3. In the present case there was no inducement of one party by the other; no want of assent at any time on the part of the plaintiff to the execution of a deed of sale and no mis-statement of his intention by the first defendant which led the plaintiff to sign the deed of sale. According to the finding of the District Judge and indeed according to the plaintiff's own pleadings, both parties from the beginning arranged the terms by mutual agreement; there was no misleading of the one by the other; and the intention to treat the deed, as a mortgage rather than sale was not due to any mis-statement by the first defendant. Such a case is governed by the decision of the Privy Council in Balkishen Das v. Legge 2 Bom. L.R. 522; 27 I.A. 58; 4 C.W.N. 153 22 A. 149.
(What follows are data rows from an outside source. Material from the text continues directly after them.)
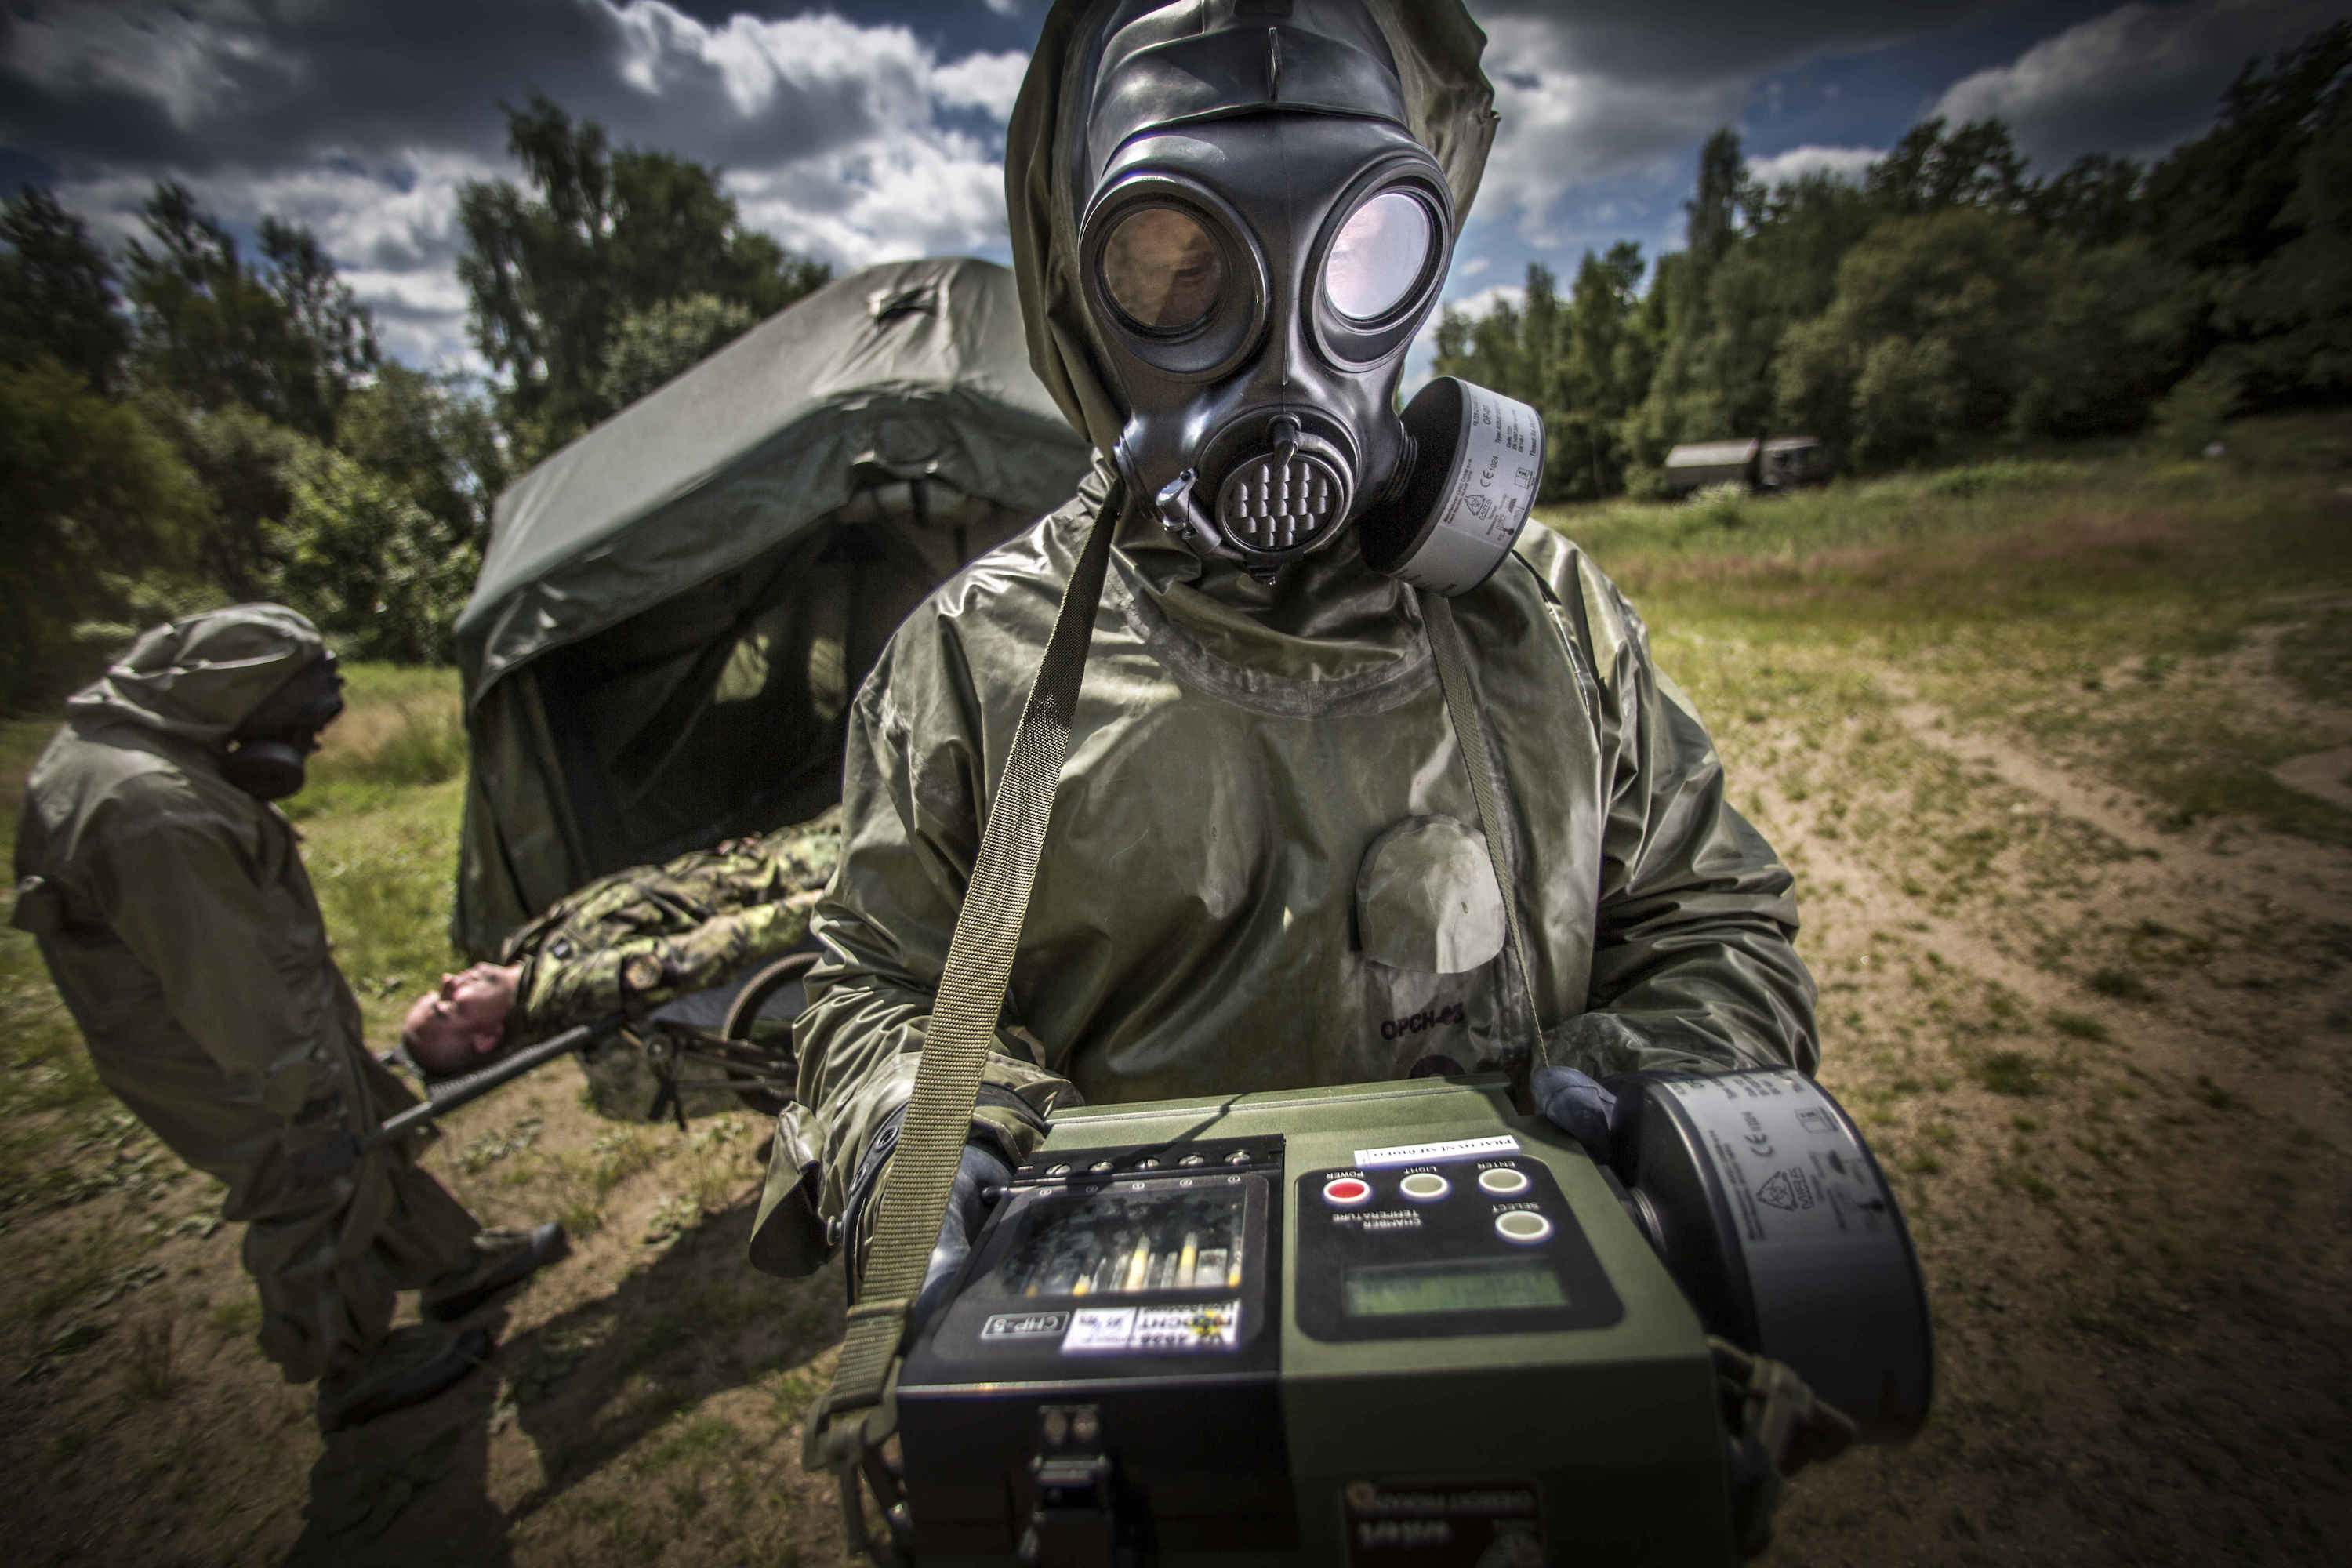 CM-7M Military Gas Mask | Chemical Warfare Gas Masks | MIRA Safety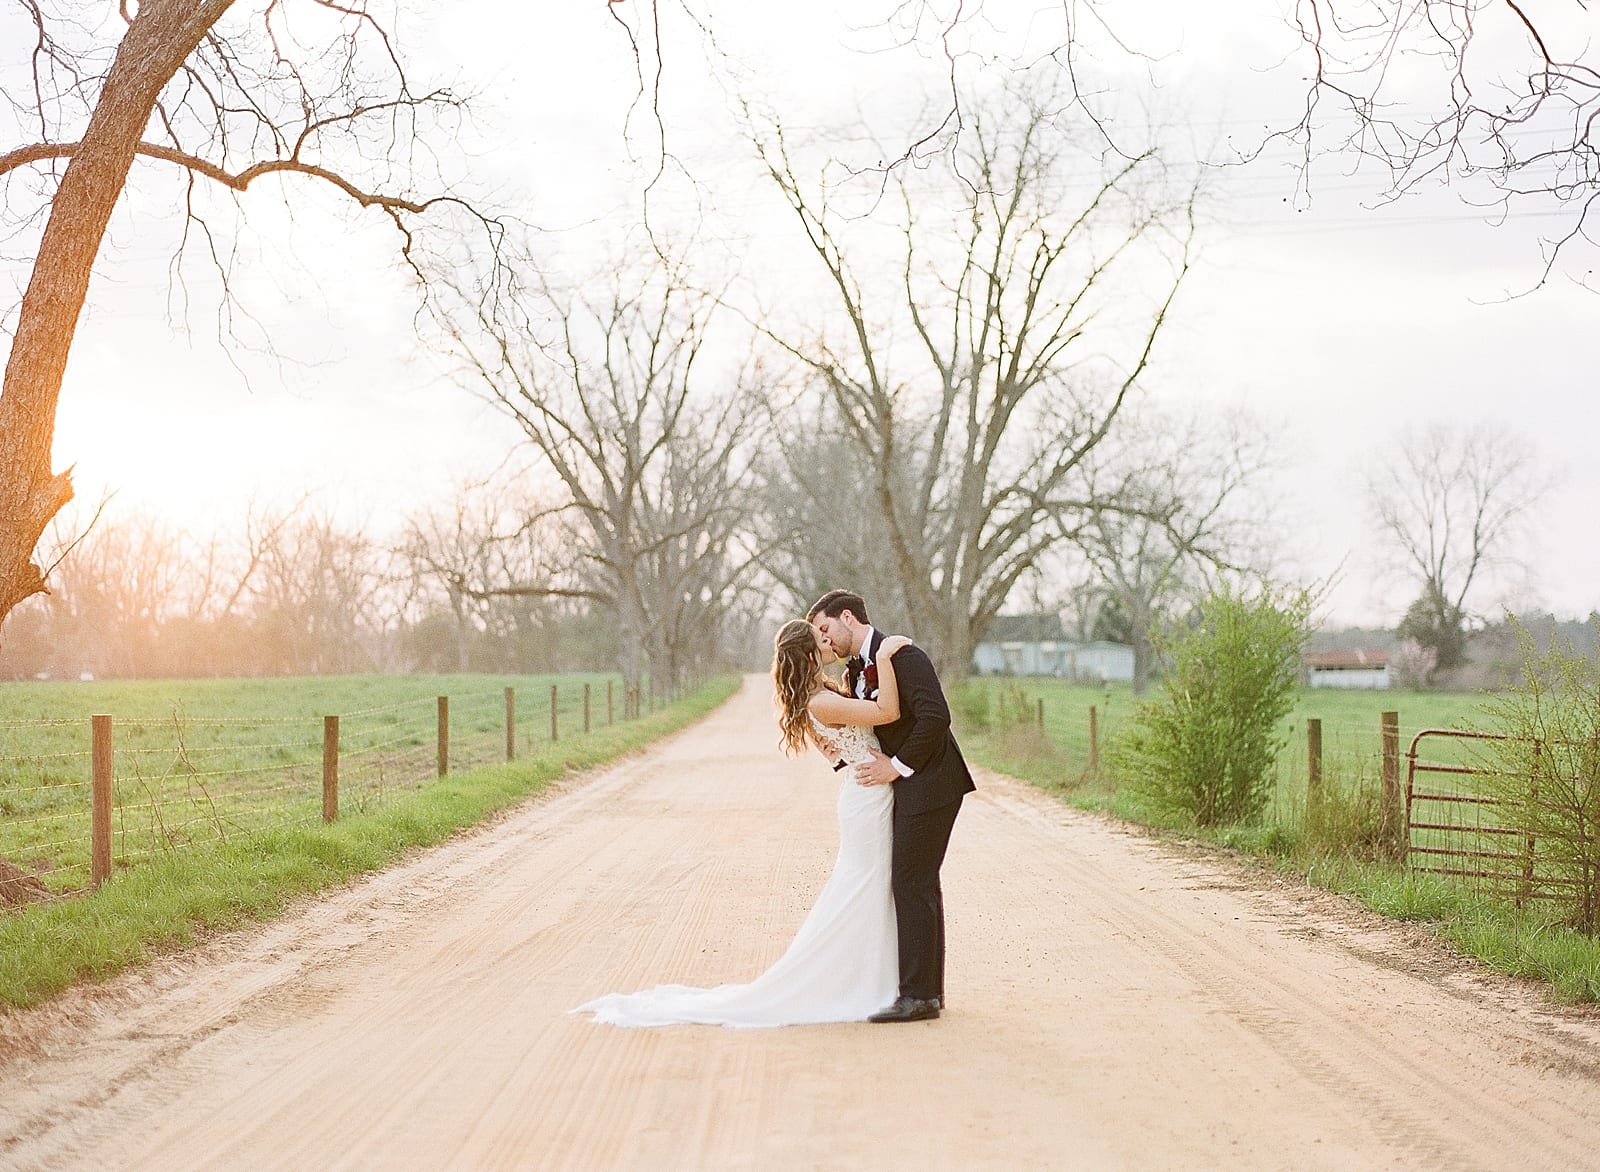 Savannah GA Wedding Photographer Bride and Groom Kissing on Dirt Road Photo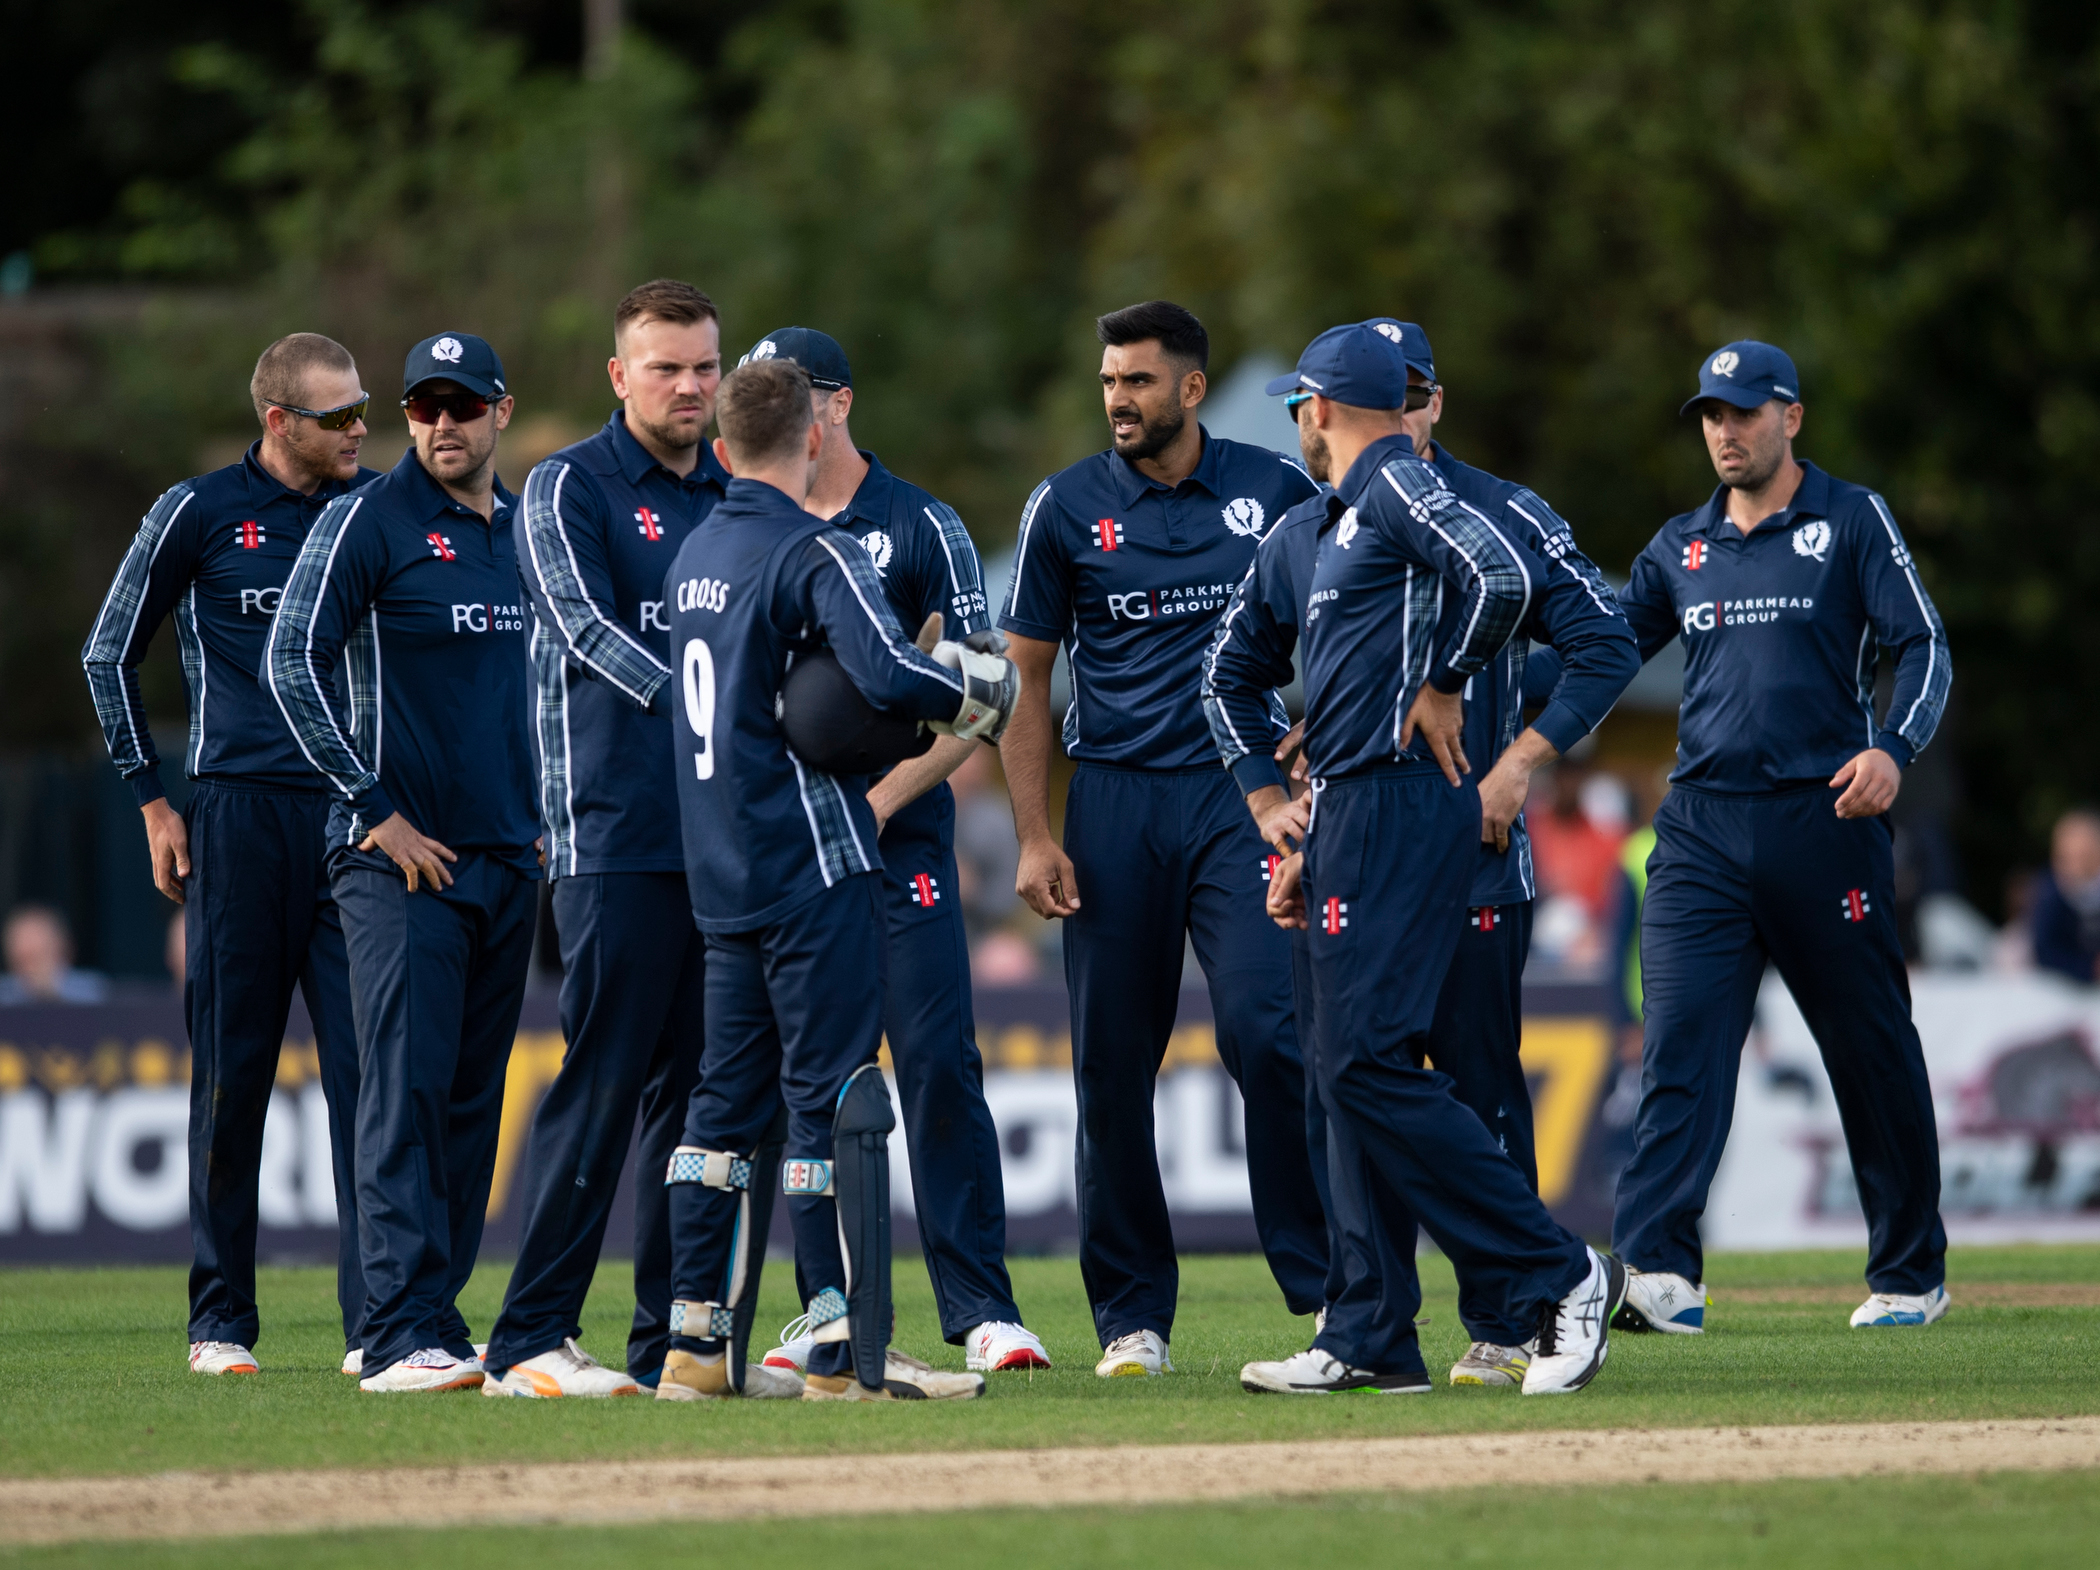 Scotland's Awaited Return to The Grange - Emerging Cricket

4. For these reasons the decree of the District Court must be reversed and that of the Subordinate Judge restored with costs throughout on the respondent (plaintiff).

Heaton, J.

5. It is now well understood that a contemporaneous oral agreement to vary the terms of a deed, should not be allowed to be proved, for the purpose of varying or adding to the terms of a deed; that is, where, as in this case, Section 10A of the Dekkan Agriculturists' Relief Act does not apply. In this case, however, the only circumstance established by way of invalidating the deed, is proof of such an oral agreement. I cannot find from the judgments of the lower Courts that anything else is established. It is not found explicitly, or even so far as I can see, impliedly, that the sale-deed did not represent the real agreement between the parties. If that had been found then the deed would have been invalidated: see Navalbai Fulchand v. Sivubai Genu Korpe 8 Bom. L.R. 761. What is found is that there was a sale-deed which both parties understood and considered to be a contract between them and that by an oral agreement a subsequent reconveyance was provided for. The District Judge proceeded quite correctly in his order framing issues for trial, and had in mind what it is essential to remember in cases of this kind, viz., that a sale-deed cannot be construed as or converted into a mortgage-deed (that is, where Section 10-A of the Dekkhan Agriculturists' Relief Act does not apply) but that the person who executed the sale-deed may show, if he can, that the sale-deed did not represent the real agreement between the parties; or for some other reason is of no effect. This the plaintiff was allowed an opportunity of doing, but as indicated above it has not been found that he succeeded in doing it. Therefore, I agree that the decree of the first Court must be restored.